Prob(Car = working | Class = 'go-out') = 0.8
Prob(Car = broken | Class = 'go-out') = 0.2
Prob(Car = working | Class = 'stay-home') = 0.2
Prob(Car = broken | Class = 'stay-home') = 0.8


### Inference 

Let input test data is Weather=sunny Car=working

We want to calculate
* Prob(Class = go-out | Weather=sunny, Car=working) 
    * = $P(Y_o|W_s \cap C_w) = \dfrac{P(Y_o)*P(W_s\cap C_w|Y_o)}{P(W_s\cap C_w)}$ 
    * = $\dfrac{P(Y_o)*P(W_s|Y_o)* P(C_w|Y_o)}{P(W_s\cap C_w)}$, since Weather and Car are assumed independent
    * = 
* Prob(Class = stay-home | Weather=sunny, Car=working) 
    * = $P(Y_s|W_s \cap C_w) = \dfrac{P(Y_s)*P(W_s\cap C_w|Y_s)}{P(W_s\cap C_w)}$ 
    * = $\dfrac{P(Y_s)*P(W_s|Y_s)* P(C_w|Y_s)}{P(W_s\cap C_w)}$ 
    * Since Weather and Car are assumed independent
    
**Note:** We only need the numerator and the class that gives the largest response, which will be the predicted output.
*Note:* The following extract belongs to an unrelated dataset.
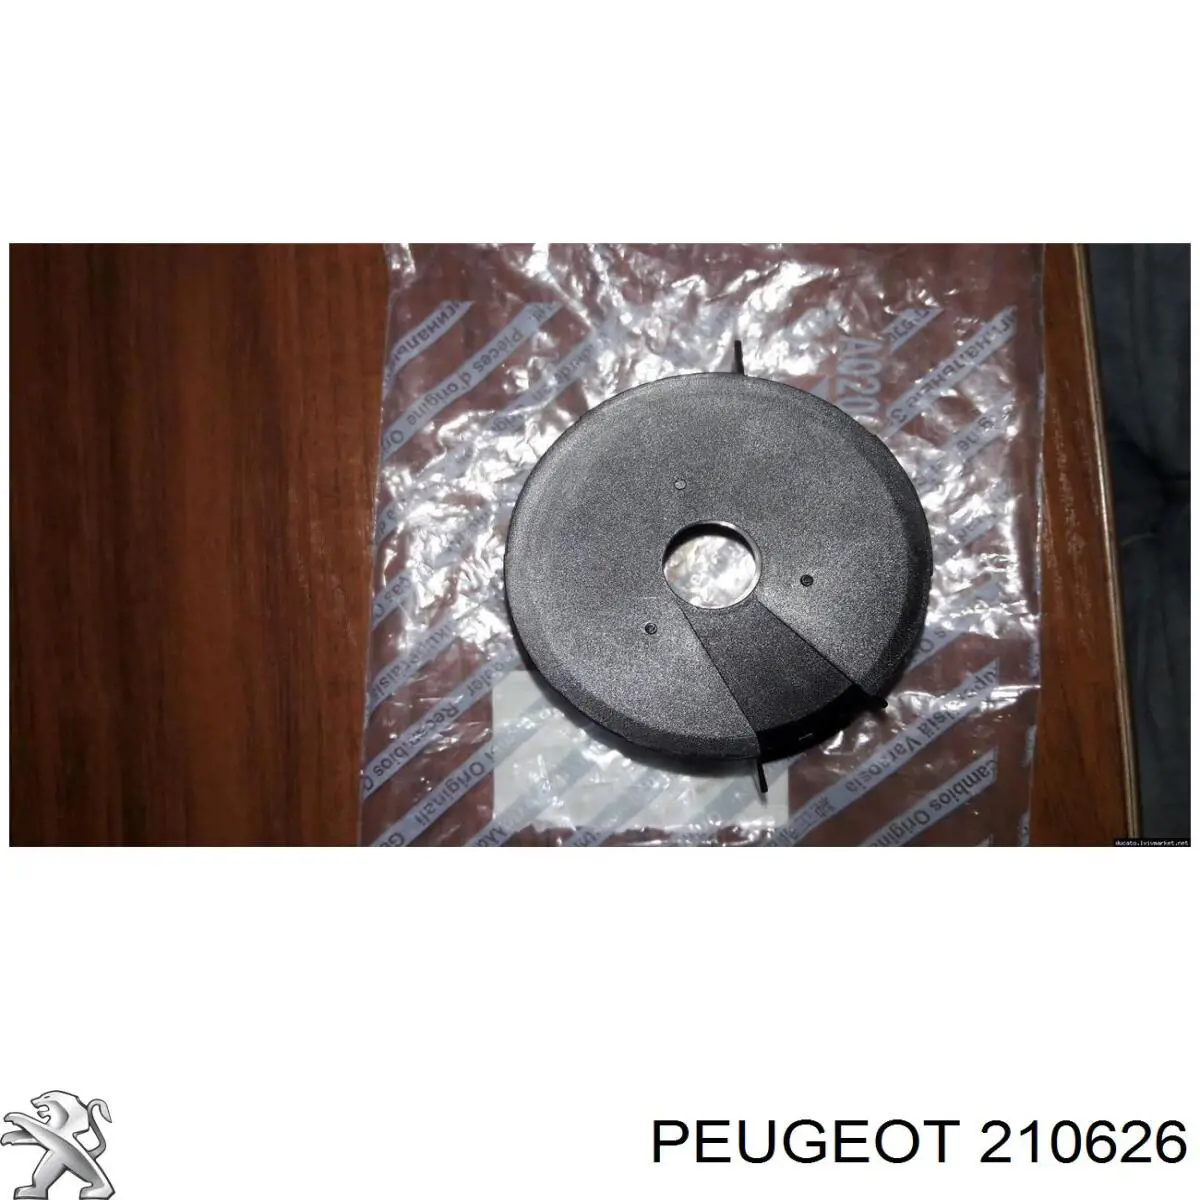 Arbol (Eje) Secundario para Caja de Cambios 210626 Peugeot/Citroen

We don't need calculate denominator $P(W_s\cap C_w)$

Hence we will calculate function:
* $M(Y_o|W_s \cap C_w) = P(Y_o)*P(W_s|Y_o)* P(C_w|Y_o)$
* $M(Y_s|W_s \cap C_w) = P(Y_s)*P(W_s|Y_s)* P(C_w|Y_s)$
* Class with maximum M() value will be inferred output

In [8]:
m_Yo = prob_Yo * prob_Ws_given_Yo * prob_Cw_given_Yo
m_Ys = prob_Ys * prob_Ws_given_Ys * prob_Cw_given_Ys
m_Yo, m_Ys

(0.32000000000000006, 0.04000000000000001)
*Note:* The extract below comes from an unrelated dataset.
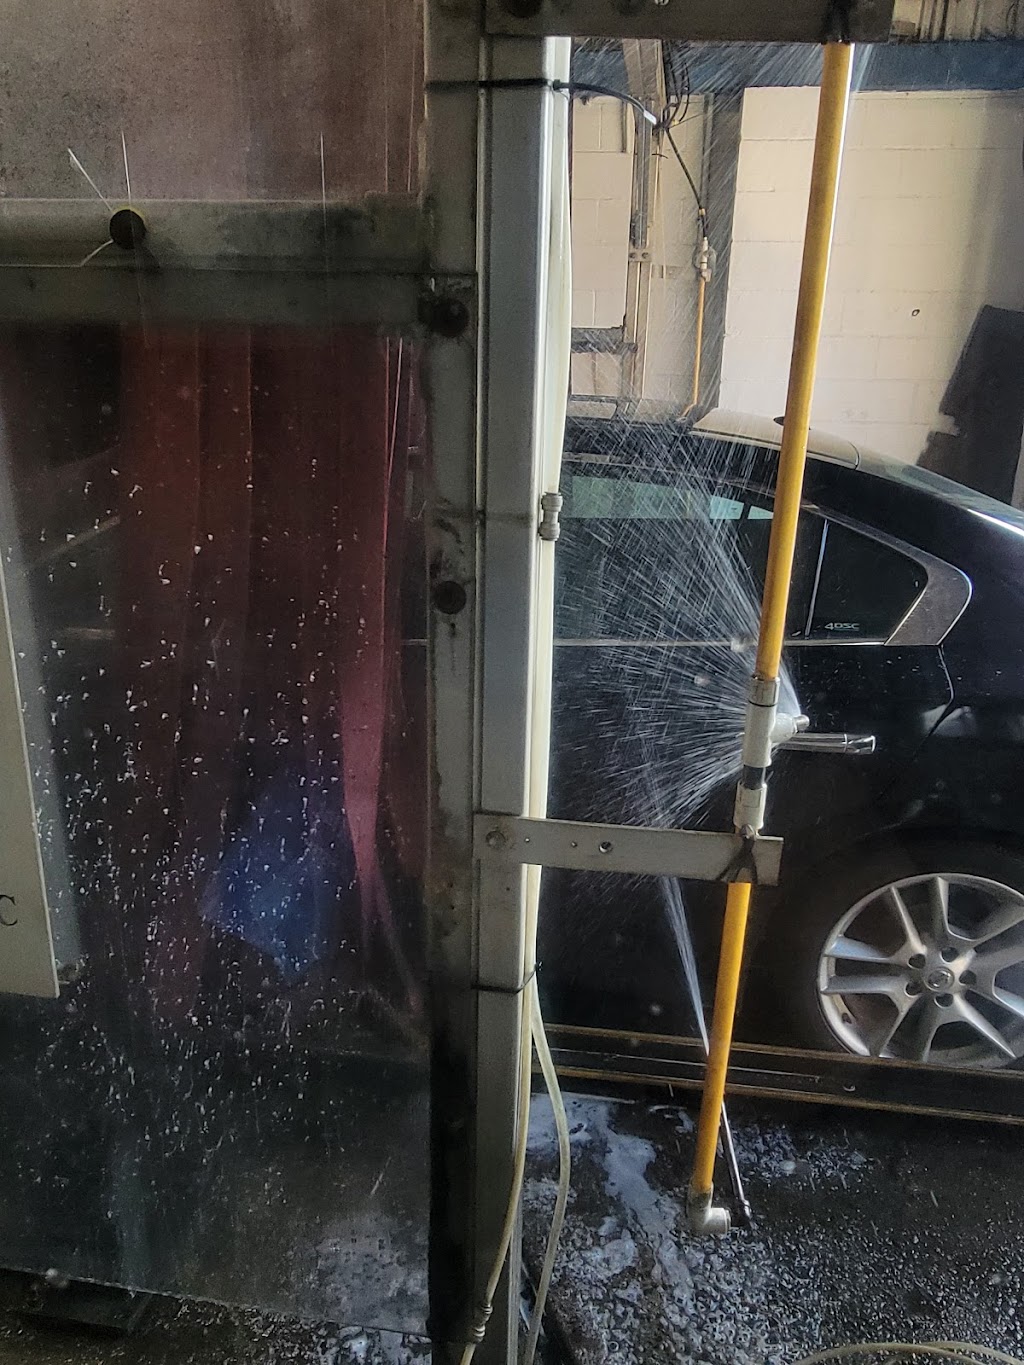 Windsor Car Wash featuring Neoglide | 610 US-130, East Windsor, NJ 08520 | Phone: (609) 448-0954

From above inferene output of input test data is Weather='sunny' Car='working' is 'go-out'

In [24]:
# Prediction function

def pred_single(weather, car):
    yo_w = None
    ys_w = None
    yo_c = None
    ys_c = None
    if weather == 'sunny' and car=='working':
        yo_w = prob_Ws_given_Yo
        yo_c = prob_Cw_given_Yo
        ys_w = prob_Ws_given_Ys
        ys_c = prob_Cw_given_Ys
        
    elif weather == 'sunny' and car=='broken':
        yo_w = prob_Ws_given_Yo
        yo_c = prob_Cb_given_Yo
        ys_w = prob_Ws_given_Ys
        ys_c = prob_Cb_given_Ys
        
    elif weather == 'rainy' and car=='working':
        yo_w = prob_Wr_given_Yo
        yo_c = prob_Cw_given_Yo
        ys_w = prob_Wr_given_Ys
        ys_c = prob_Cw_given_Ys
        
    elif weather == 'rainy' and car=='broken':
        yo_w = prob_Wr_given_Yo
        yo_c = prob_Cb_given_Yo
        ys_w = prob_Wr_given_Ys
        ys_c = prob_Cb_given_Ys
    else:
        raise Exception
        
    map_yo = prob_Yo * yo_w * yo_c
    map_ys = prob_Ys * ys_w * ys_c
    
    if map_yo > map_ys:
        return 'go-out'
    else:
        return 'stay-home'
    
        
        
    

test_X = data_df[['Weather','Car']].values
output_list = []
for w,c in test_X:
    out_single = pred_single(w,c)
    output_list.append(out_single)

data_df['pred_class'] = output_list
data_df

Unnamed: 0,Weather,Car,Class,pred_class
0,sunny,working,go-out,go-out
1,rainy,broken,go-out,stay-home
2,sunny,working,go-out,go-out
3,sunny,working,go-out,go-out
4,sunny,working,go-out,go-out
5,rainy,broken,stay-home,stay-home
6,rainy,broken,stay-home,stay-home
7,sunny,working,stay-home,go-out
8,sunny,broken,stay-home,stay-home
9,rainy,broken,stay-home,stay-home